But the U.S. working class cannot bend to protectionist pressures and abandon the needs of workers abroad who are super-exploited by the same capitalists that exploit us. We will never resolve the crisis we face until we recognize that our enemy lies at home, exercising governmental power through the twin parties of capitalism, and our friends are the billions of producers around the world.
NOTES
[1] Although they most often apply to imports, tariffs are a surcharge that a government can place on goods entering or leaving the country. They are calculated as a percentage of the declared value of the product before it crosses the border. When a tariff is imposed on a commodity — steel, for example — the business that imports that product must pay the government a tax when it receives the goods at the ports of entry. Tariffs are a barrier to free trade. They are most widely used to protect domestic industries or agricultural goods from foreign competition, and, for that reason, they are a protectionist measure.
[2] Bonds (also known as Treasury notes in the United States) are government loans to finance budget deficits. When there is volatility in the financial markets, the 10-year Treasuries are considered a safe haven for investors. Because their yield is among the most important interest rates in the world, they are a pillar of the international capitalist financial system.
The terms those who buy these bonds are willing to accept reflect their confidence — or lack thereof — in the issuing entity. That confidence is built on the perceived reliability of government promises. When the issuing entity is Washington, the bonds are backed by “the full faith and credit of the United States government.”
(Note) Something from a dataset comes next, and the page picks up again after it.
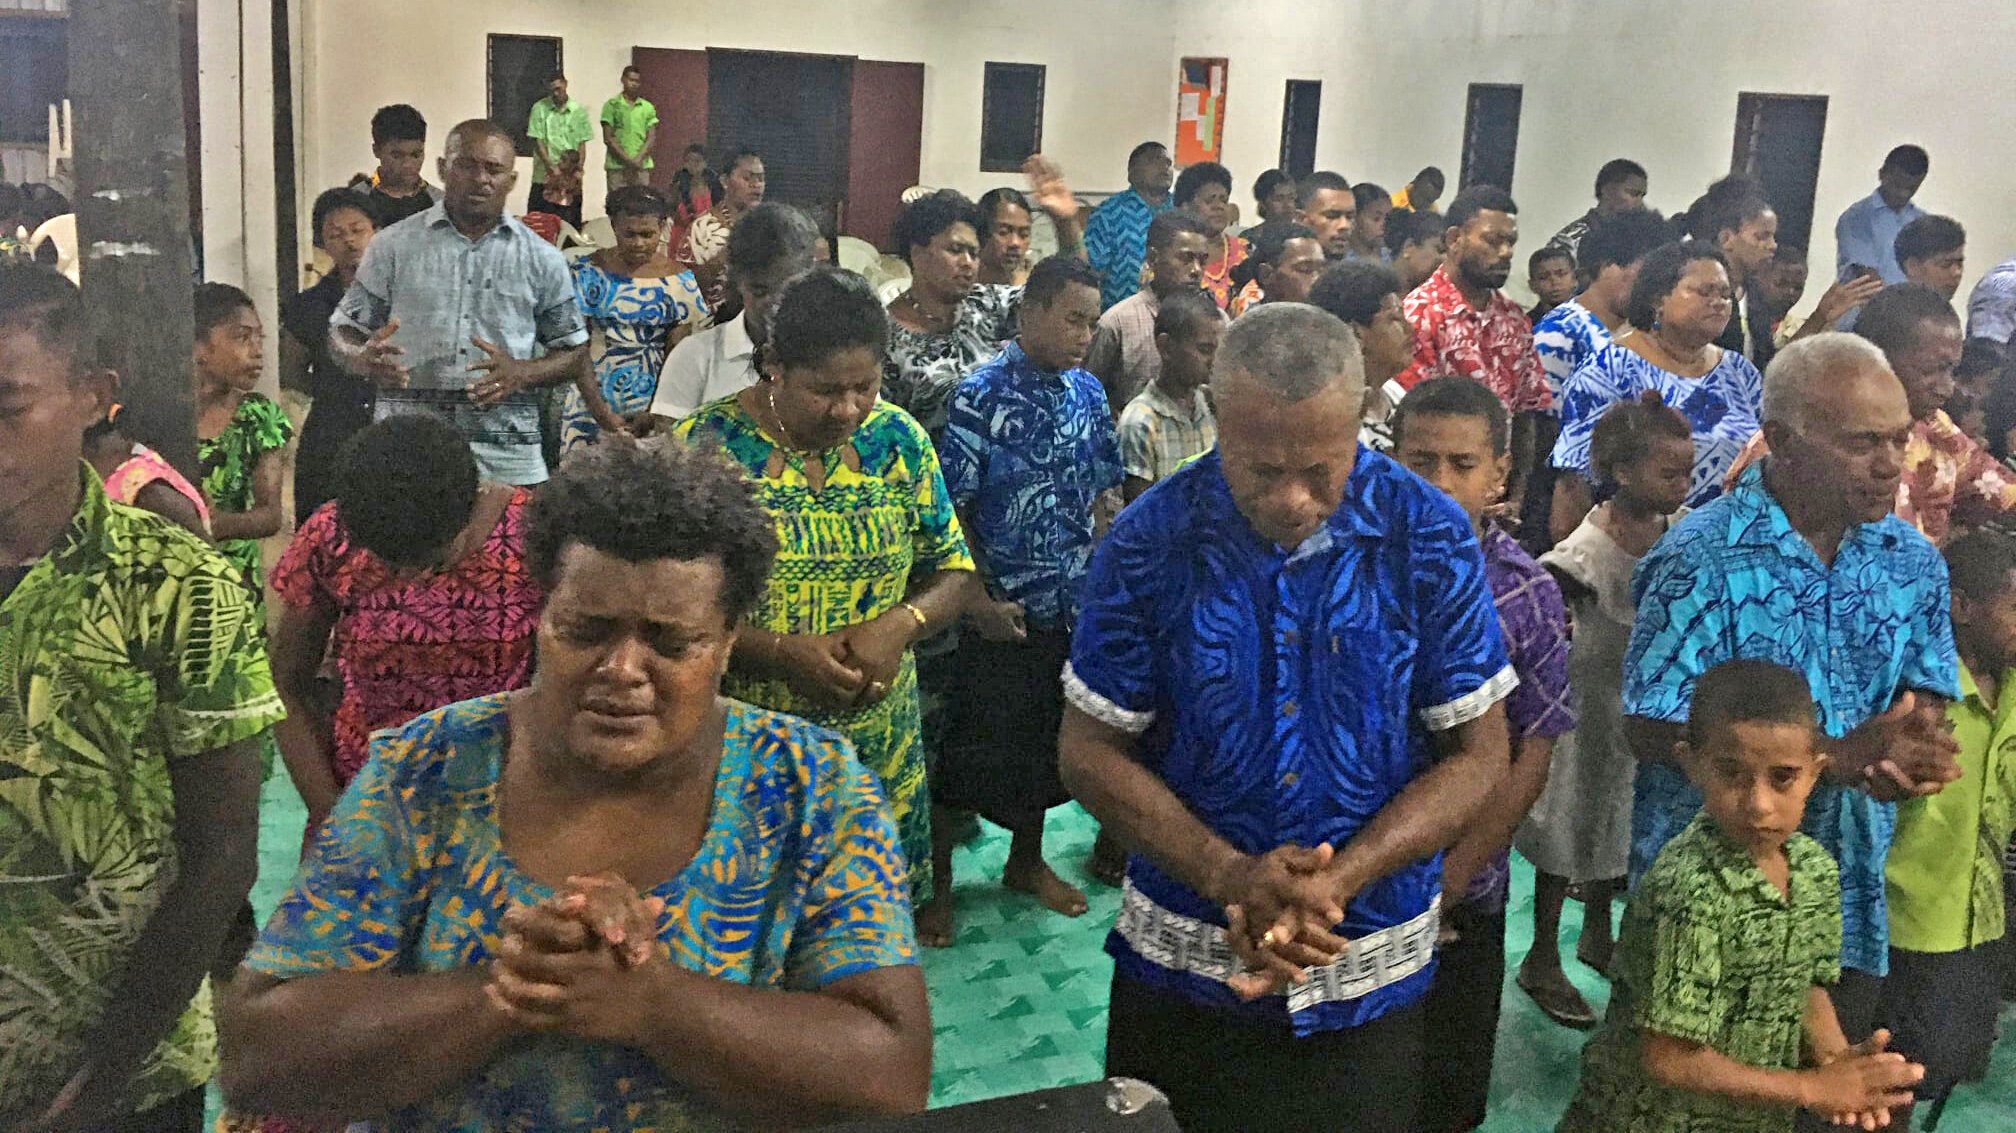 The church in Fiji praying for protection, for the storms to stop, and for God to use them to bless those impacted by the storms.

Today the market in U.S. Treasuries is approaching $30 trillion. Because of its gargantuan size it is not typically affected by volatility in the stock market. For that reason, the sharp shift in demand for Treasury bonds triggered by Trump’s massive tariffs highlighted the severity of the threat they pose to the stability of financial markets worldwide. The unusual combination of big shifts in the bond market plus a decline in the value of the U.S. dollar pointed to a move away from U.S. assets. As a debtor nation that depends on foreign capital to fund its massive budget deficits, these developments put the U.S. economy in a precarious position.
Because foreign investors are among the biggest holders of U.S. government debt, the Trump administration has little control over the defensive actions they may take. Japan, for example, holds more than $1 trillion of U.S. Treasury debt. China still holds $760 billion in Treasuries after reducing its holdings by more than a quarter of a trillion dollars since 2021. So, the Trump administration’s decision to start a trade war with major trading partners or competitors — who also happen to finance the U.S. government’s debt, while also threatening to explode its fiscal deficit with massive tax cuts to the rich, could crater global confidence in the U.S. dollar. This could eventually impact the solvency of the Social Security Administration and other U.S. agencies, as well as pension funds, which together hold a large portion of the total U.S. debt.
[3] “On the Question of Free Trade” was an address Karl Marx delivered before the Democratic Association of Brussels, Belgium, on January 9, 1848. At the end of 1847, Brussels had hosted a “Free Trade Congress,” which was designed to further the general Free Trade campaign British manufacturers were waging. In 1846, the English bourgeoisie repealed England’s Corn Laws and were ready to take their cause abroad. Marx asked for a slot to speak, but the Congress closed before his name could come up on the lists. So instead, Marx delivered his speech to the Democratic Association, of which he was among the vice-presidents.
[4] When the Free Trade question raged again in the late 1880s, Marx’s speech was reissued in English, with a lengthy introduction by Frederick Engels, another socialist leader and Marx’s closest collaborator. “Free Trade vs. Protectionism” is a question that remains periodically relevant as long as capitalism exists. Indeed, when the U.S.-Canada-Mexico trade negotiations took place in the early 1990s, even the New York Times felt compelled to quote Marx’s speech.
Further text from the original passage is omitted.